The FARC also lacks a mesmerizing leader, like Che Guevara. When FARC commanders do appear on camera, they often launch into impenetrable Marxist dogma or anti-government rants.
But for the past eight months, the FARC has been holding peace negotiations in Cuba with the Colombian government. One of the main goals is for FARC fighters to disarm, form a political party – and run for public offices.
The FARC would need to soften its militant image to win over voters. But the makeover is already under way. At the Havana peace talks, one of the most prominent negotiators is Tanja Nijmeijer, a Dutch woman who joined the FARC a decade ago.
"We are a communist party raised in arms," she recently told the BBC. "But we are a communist party so then we could really start to fight for ideas but without rifles."

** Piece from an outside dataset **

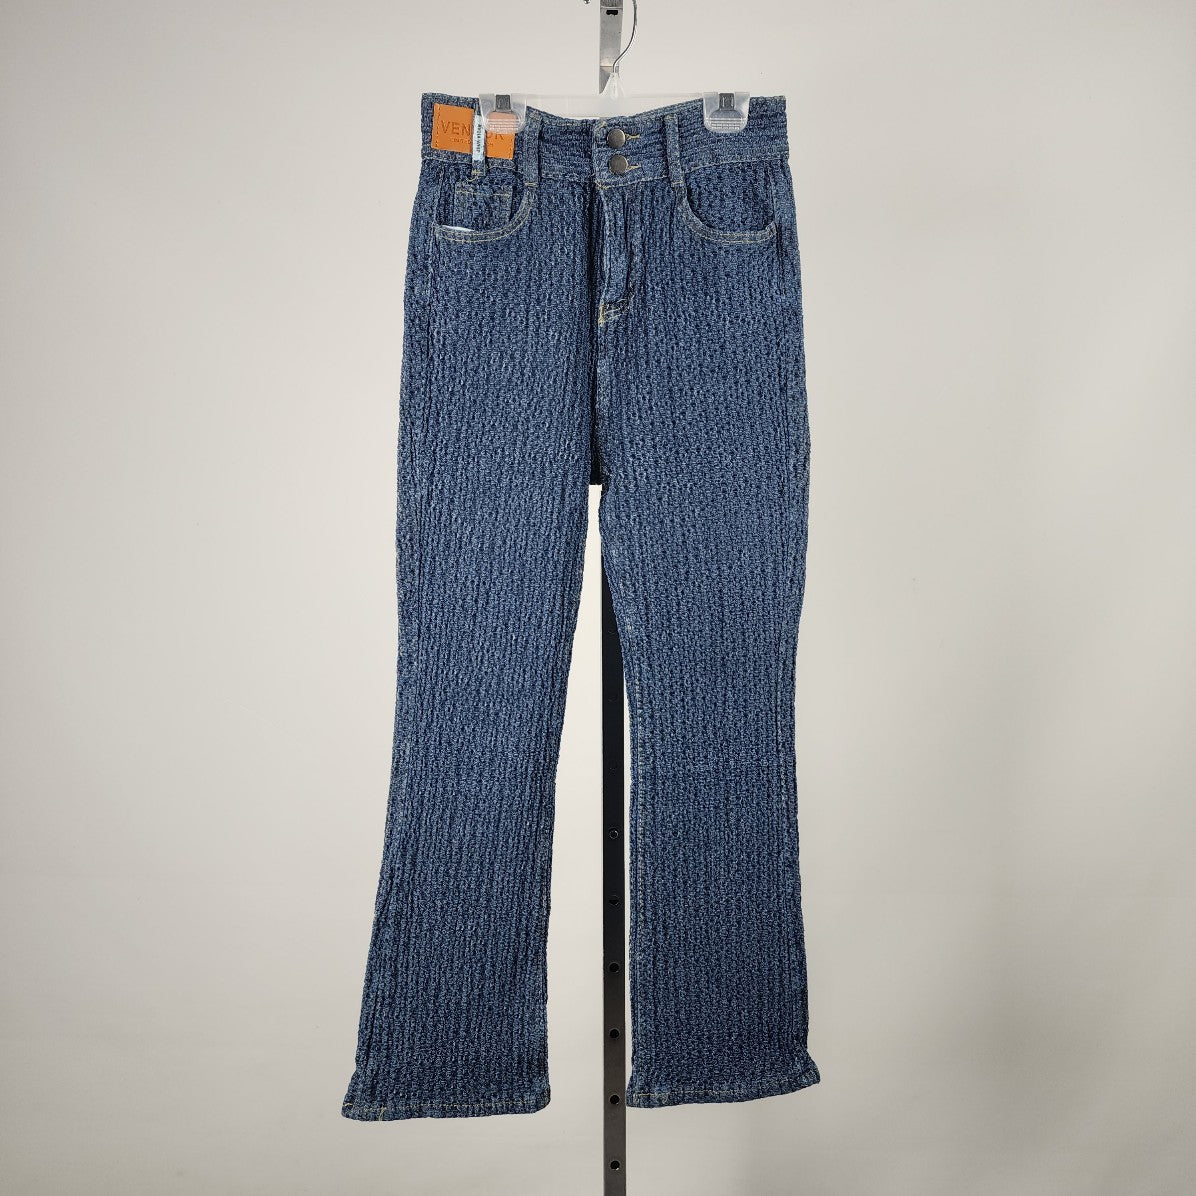 Vendor Smocked Denim Boot Cut Jeans Size S

In another break from tradition, the FARC announced its participation in the talks, not through a drab communiqué but by releasing an upbeat music video called "Me voy para La Habana" or "I'm going to Havana."
The video is pretty basic. It looks and sounds like one of those low-budget MTV productions from the early 1980s. But Colombians were struck by what they saw. Instead of defiant guerrillas with guns, the video shows smiling rebels in fatigues and Che t-shirts playing bongos and rapping about their hopes for peace.
"I'm going to Havana, this time to talk," they sing, out under some leafy trees. "The bourgeoisie who are fighting us could not defeat us." It ends with the guerrillas changing into civilian clothes and waving goodbye as they head to Cuba.
It's hard to tell whether this will win the FARC any new fans. After all, rebel foot soldiers continue to fight even as their negotiators talk peace.
What's more, the Colombian army is ramping up its PR campaign with its own music video, a raggaeton number called "Sword of Honor." It's far more polished than the amateurish FARC effort. The song features Colombian reggaeton artist Yavi del Bloke and was filmed on two army bases with dozens of soldiers.
The video shows soldiers in camouflage creeping through the jungle to liberate a group of rebel-held hostages. But the words refer to the human cost of the war.
"I remember that time when my comrade was mortally wounded," sings a soldier. "He told me 'I don't want to die.' "
Last month, Colombia moved a step closer to ending the bloodshed. The government's lead negotiator, Humberto de la Calle, announced an agreement with the FARC on land reform, a key issue that prompted the guerrillas to take up arms in the first place. Five more points on the negotiating agenda must still be worked out.
Meanwhile, on YouTube, the dueling music videos have produced a stalemate — just like the war itself. Each video has received about 13,000 hits.